I don’t know when it happened, but my review of Page’s and Lopatka’s excellent book on the Microsoft antitrust case is on-line. It appeared in the Fall issue of Regulation. It’s both here and here.
My two favorite paragraphs from my review:
In the second chapter, “Decisions,” Page and Lopatka methodically lay out the decisions that Judge Thomas Penfield Jackson made in presiding over the case and that the Court of Appeals made in rejecting much of what Jackson found. This chapter, though dense, will be important for those who want to know the exact details of the decisions. The chapter’s discussion of the judge’s misconduct is especially colorful. Two months before he issued his findings of fact, Jackson gave a series of interviews to reporters from the New Yorker and the New York Times. In the interviews, he expressed negative views about the leading Microsoft officials, including Bill Gates. He said he viewed Gates as arrogant and unethical, and referred to him as “a smart-mouthed young kid … who needs a little discipline.” And Jackson compared Microsoft’s behavior to that of gangland killers. Who knew? Many of us thought Microsoft was just selling a fairly good product and figuring out how to extract from consumers as much of the value of the product as it could. Silly us. It was this conduct by Jackson that led the Court of Appeals to disqualify him and hand the case to Judge Colleen Kollar-Kotelly.

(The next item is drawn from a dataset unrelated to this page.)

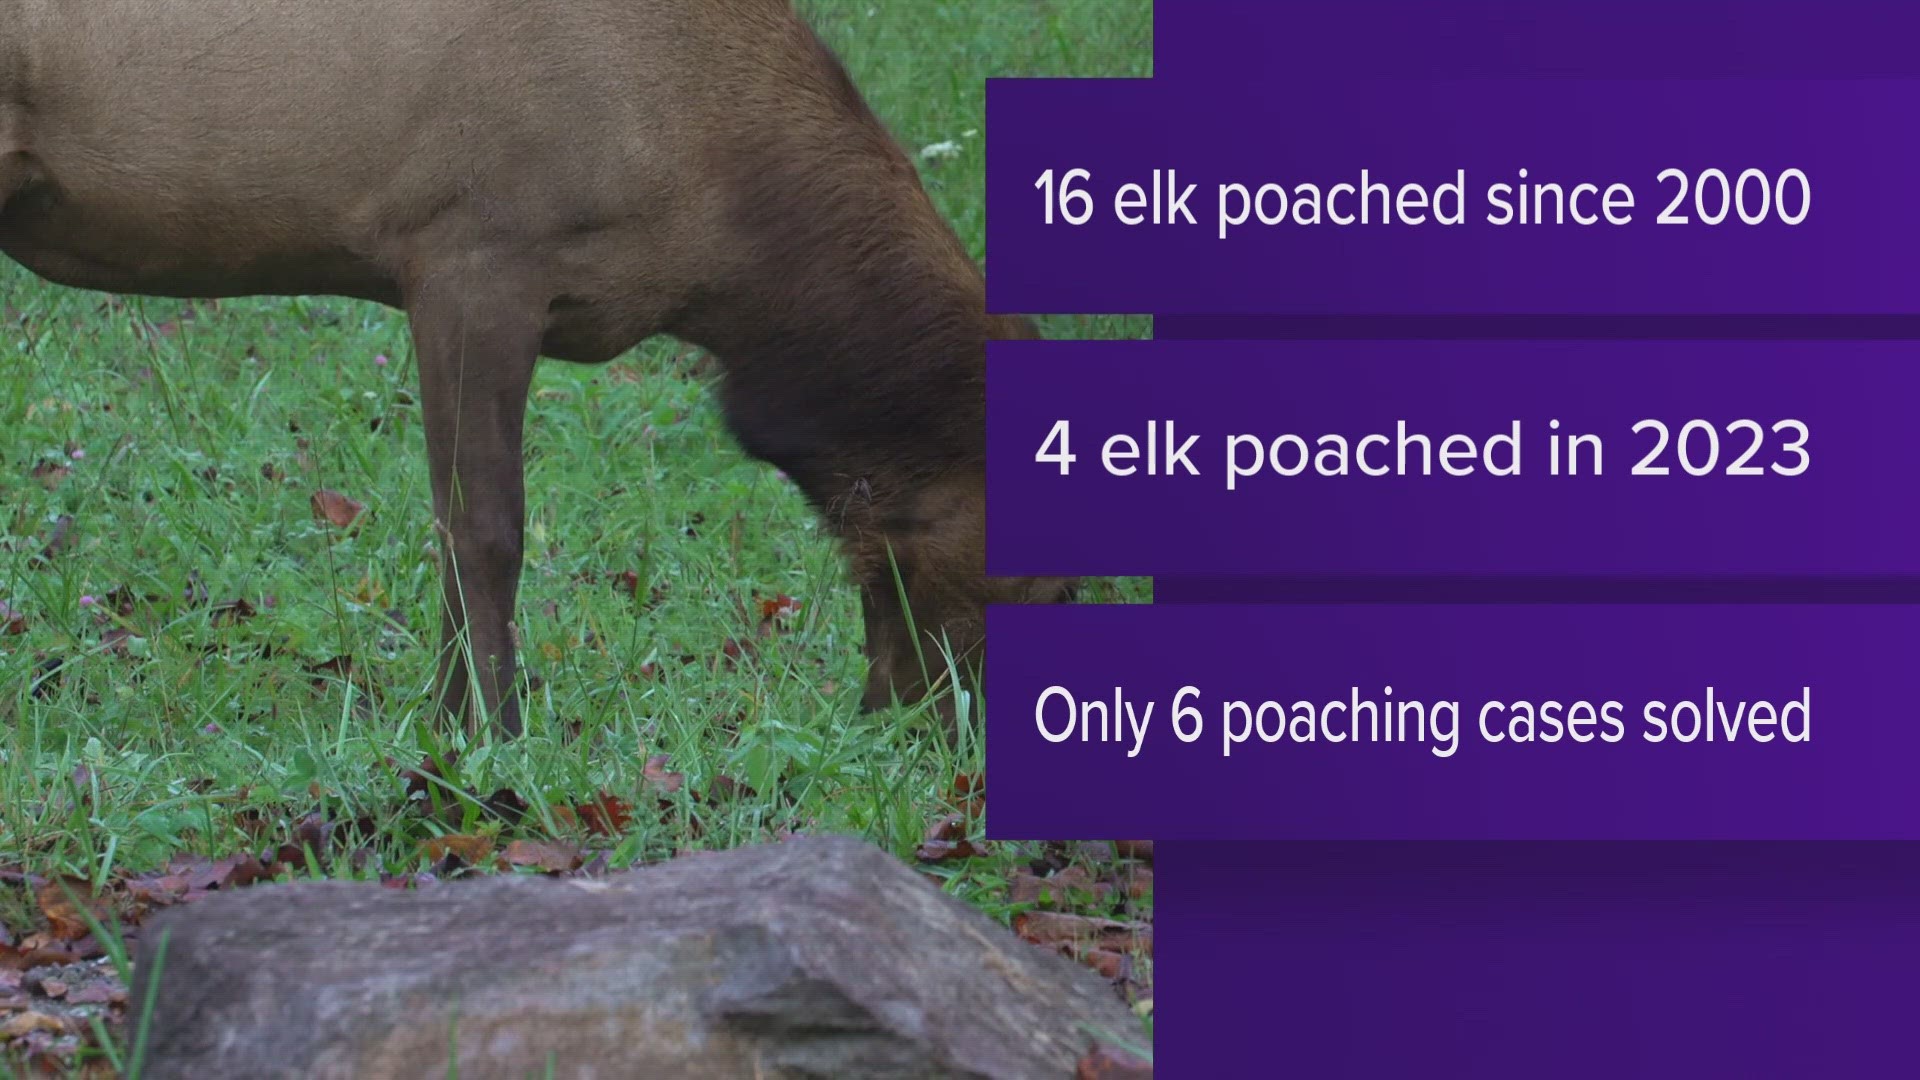 The Tennessee Wildlife Resources Agency said only six poaching cases have ever been solved, and said it's important people share tips about poaching cases.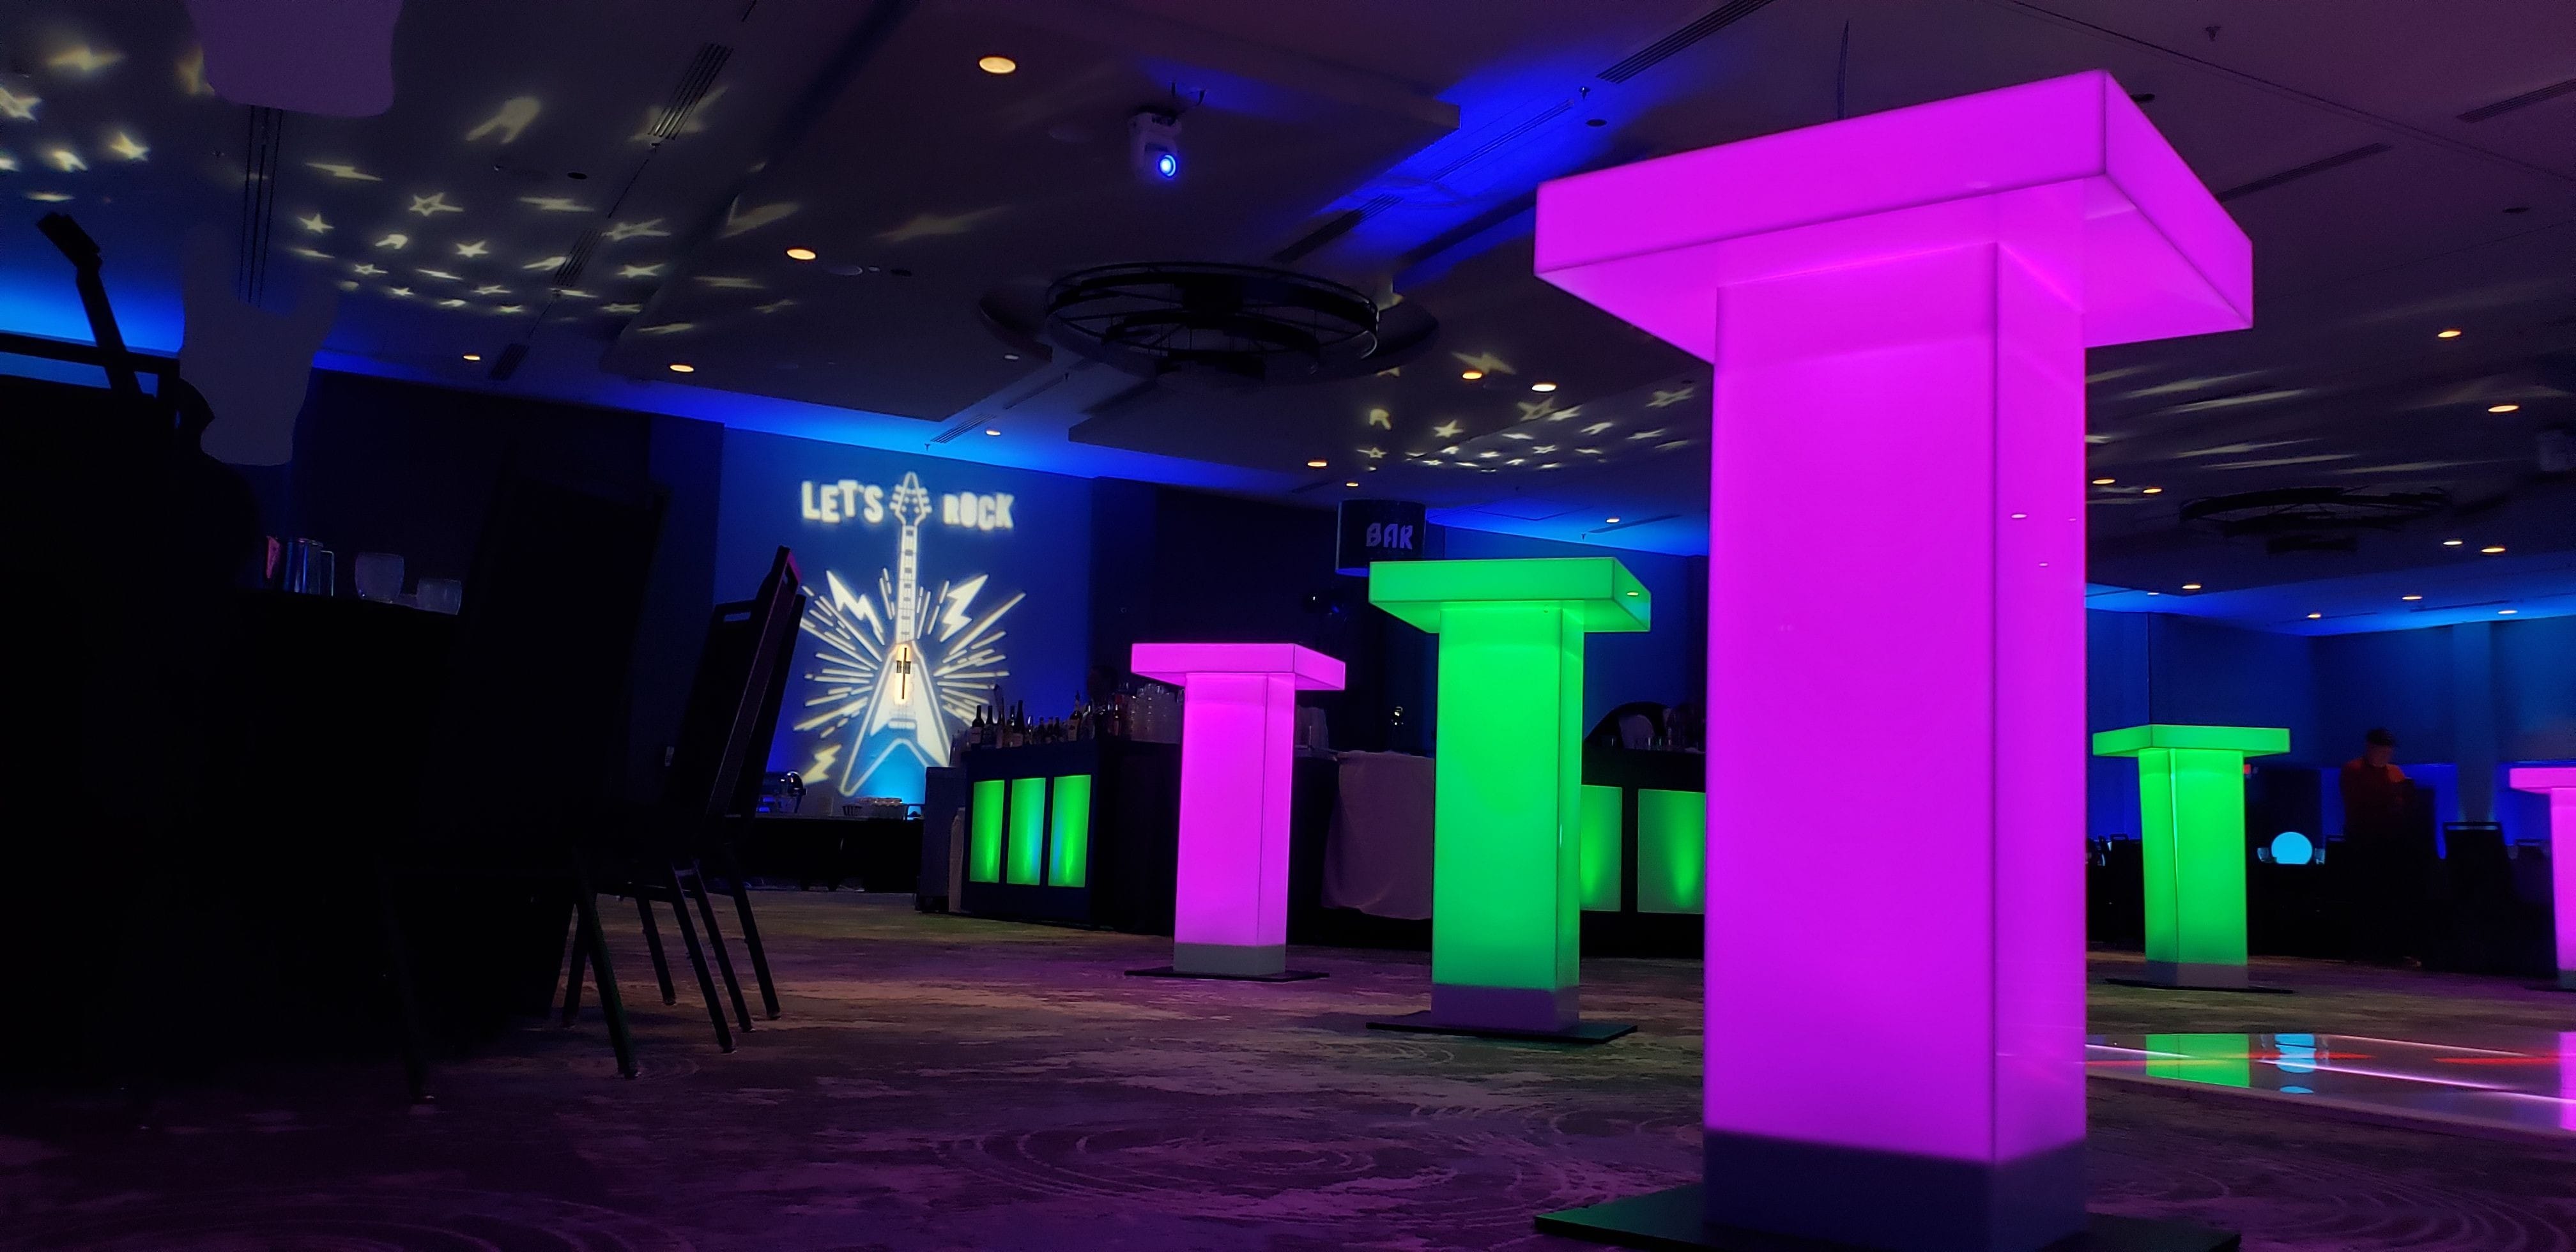 Let's Rock themed party with neon glowing cocktail tables.

The authors don’t quite come out and say this, but I will: Judge Jackson seemed to see the case as a grudge match against both Bill Gates and the Court of Appeals. In the above quote about Gates being “smart-mouthed,” Jackson added a line that the book’s authors don’t quote. According to his interviewer, the New Yorker‘s Ken Auletta, Jackson said: “I’ve often said to colleagues that Gates would be better off if he had finished Harvard.” Auletta also quotes Jackson saying that part of his motive in splitting his finding of facts from his finding of the law was “to confront the Court of Appeals with an established factual record which is a fait accompli.” There’s nothing wrong with that, except that Jackson confessed that “part of the inspiration for doing that is that I take mild offense at their reversal of my preliminary injunction in the consent-decree case.” Rule of law, anyone?
And my other two favorite paragraphs:
Prosecutors in an antitrust case against a monopolist typically argue that restricting the monopolist’s conduct or, in the extreme, breaking up the monopolist will allow more competition. Page and Lopatka write, though, that the argument the government made in the Microsoft case was that the competition was “a battle between standards for the hearts and minds of developers.” Therefore, the authors point out, if the government had gotten its way, the result would not have been less monopoly but, rather, a different monopolist. They note that this discussion was prominent in the oral argument before the Court of Appeals. They reproduce a hilarious 2.5-page dialogue between one of the judges and the government’s appellate counsel, Jeffrey Minear, in which the judge drags Minear to a begrudging admission of that fact.
This is not to say that the Court of Appeals was always wise. In remanding the case to a different judge, the court required the government to show that Microsoft harmed competition in the market for browsers. That sounds like a plausible thing for the court to require until you learn that the same court precluded the government from proving that such a market existed. That could be raw material for a Monty Python skit.
The more one delves into antitrust law, the uglier it looks.
READER COMMENTS
Greg Ransom
Jan 5 2010 at 11:35pm
Gates patently lied under oath and generally acted like a above the law ass when testifying. He should have been held in contempt of court.
Gates has used deception and the power of the state and the capriciousness of law to empower and enrich himself — and bully and steal ideas from others.
No one should shed any tears for Gates.
David R. Henderson
Jan 6 2010 at 12:01am
Greg Ransom,
Since the issue I’m discussing here is antitrust, are you defending the antitrust suit and its outcome? Or is the above the best you’ve got?
Best,
David
Greg Ransom
Jan 6 2010 at 1:37am
David, we need to discuss the relation between government enforced monopoly priviledges and anti-trust law.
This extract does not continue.